#### The problem:
The answer must be the full data, restated word for word, with no pictures in it.

START Material provided

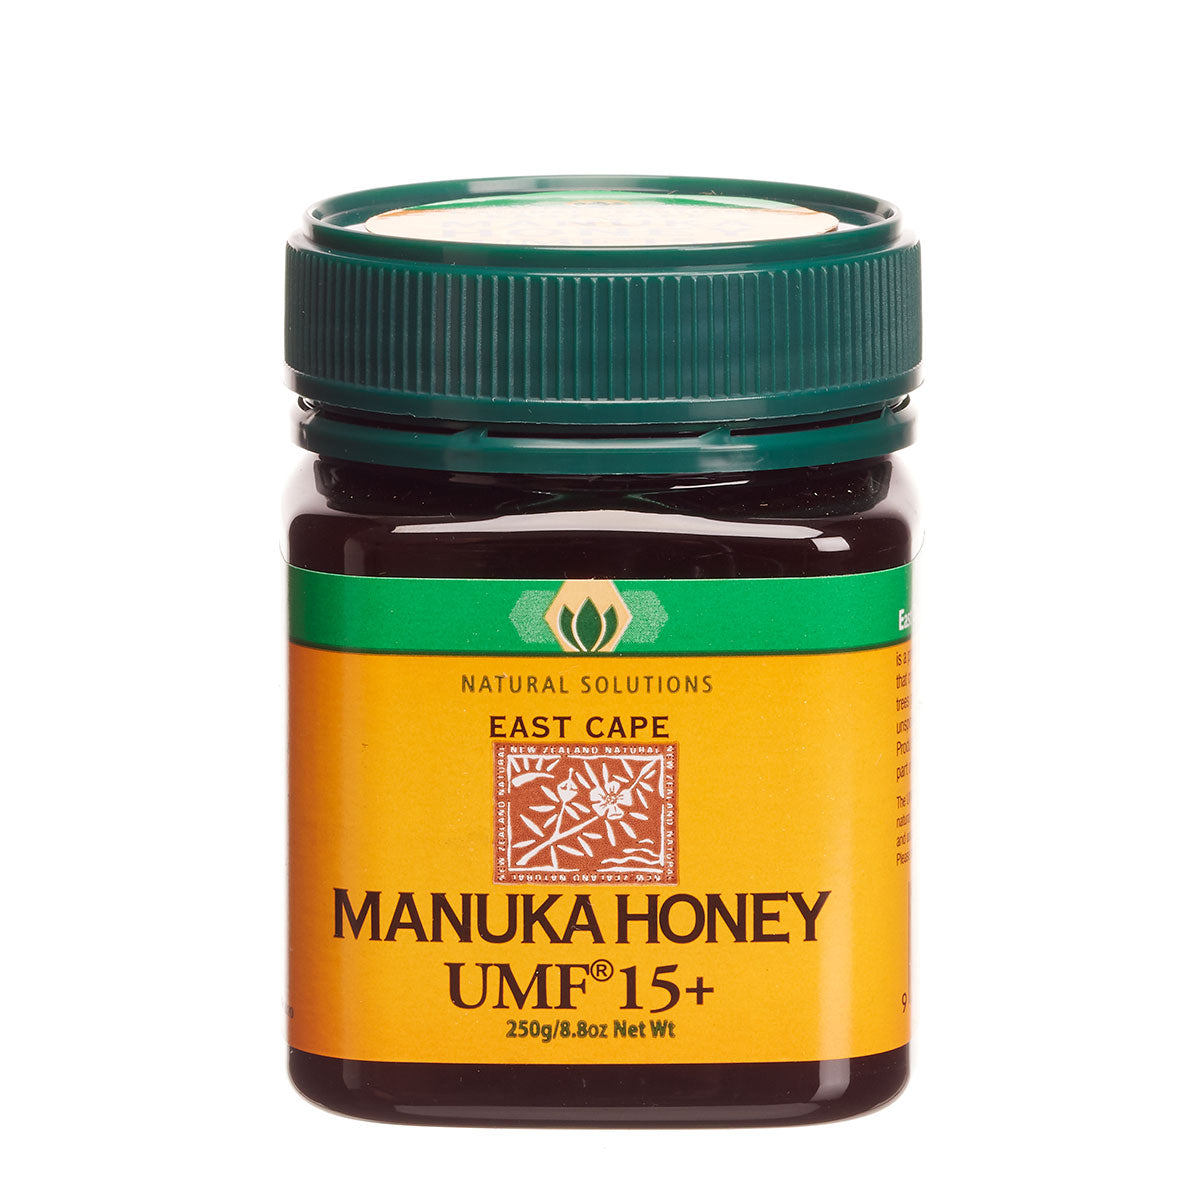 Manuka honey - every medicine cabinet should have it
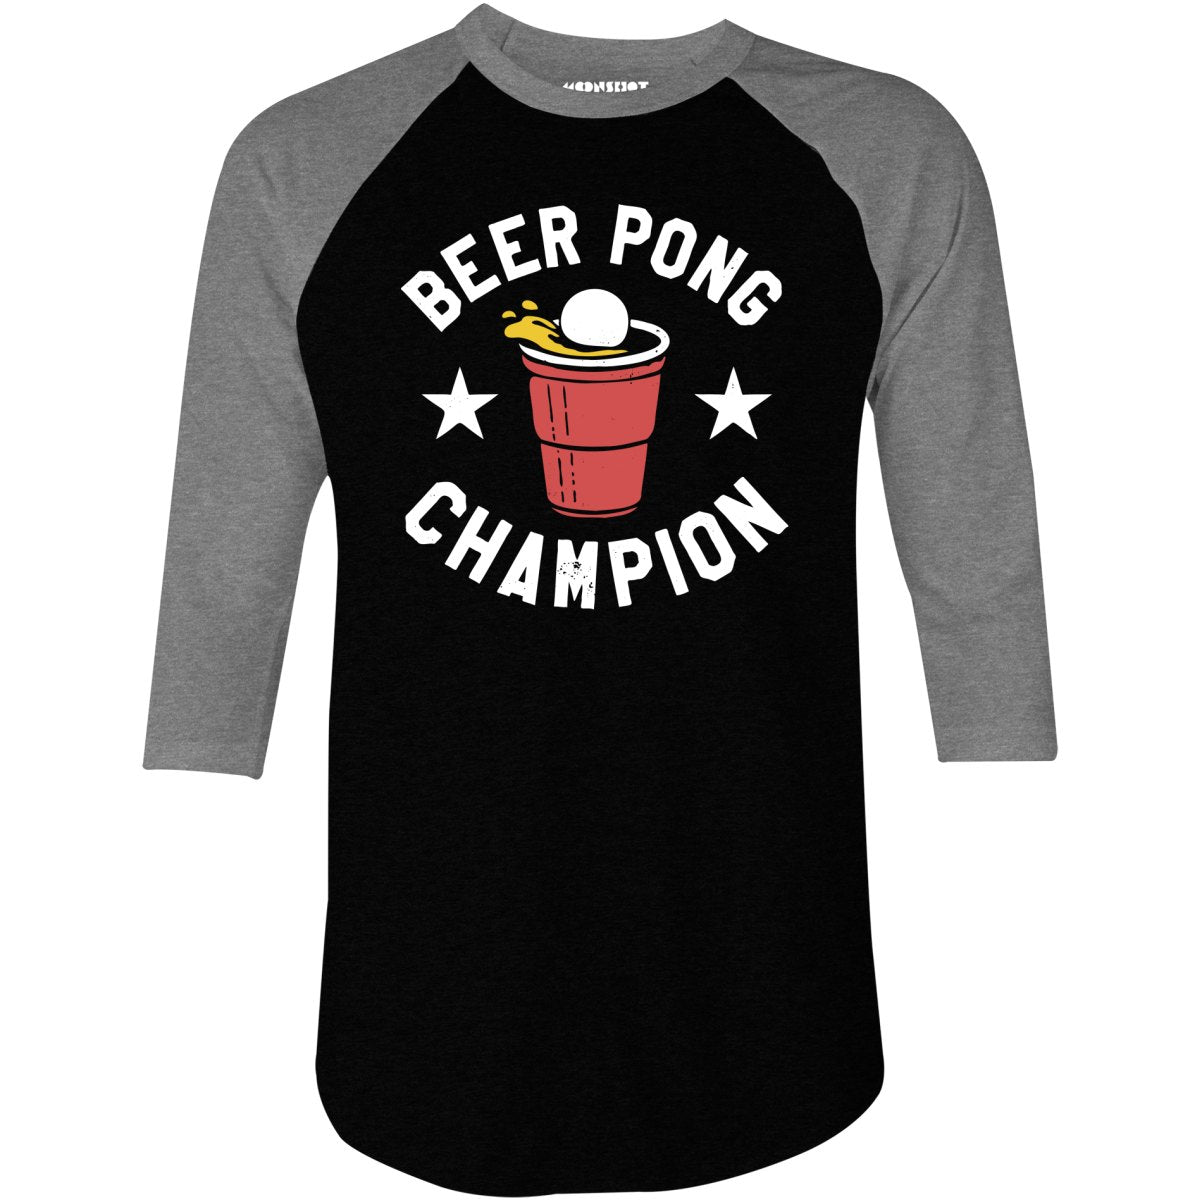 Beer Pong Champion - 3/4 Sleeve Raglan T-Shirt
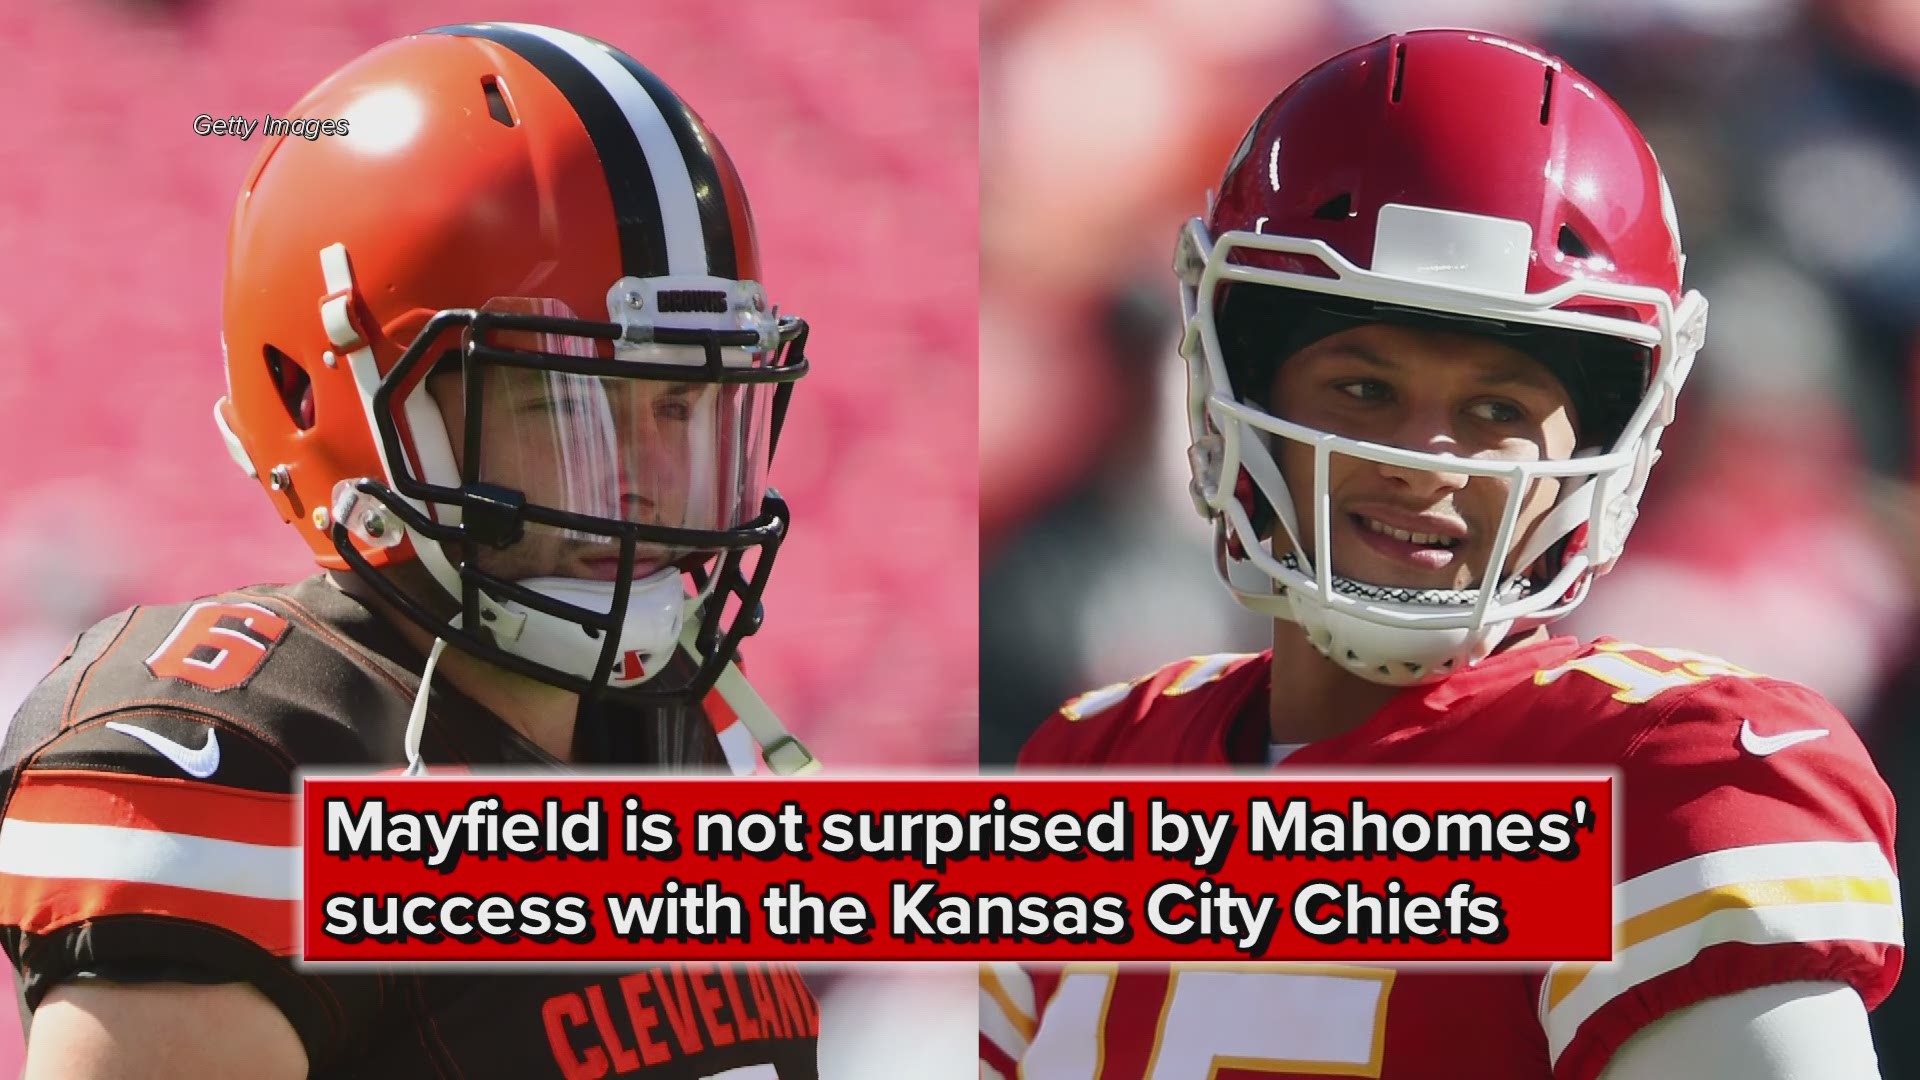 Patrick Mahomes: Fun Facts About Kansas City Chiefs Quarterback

END Material provided

#### Answer section:
 Manuka honey - every medicine cabinet should have it
 Beer Pong Champion - 3/4 Sleeve Raglan T-Shirt
 Patrick Mahomes: Fun Facts About Kansas City Chiefs Quarterback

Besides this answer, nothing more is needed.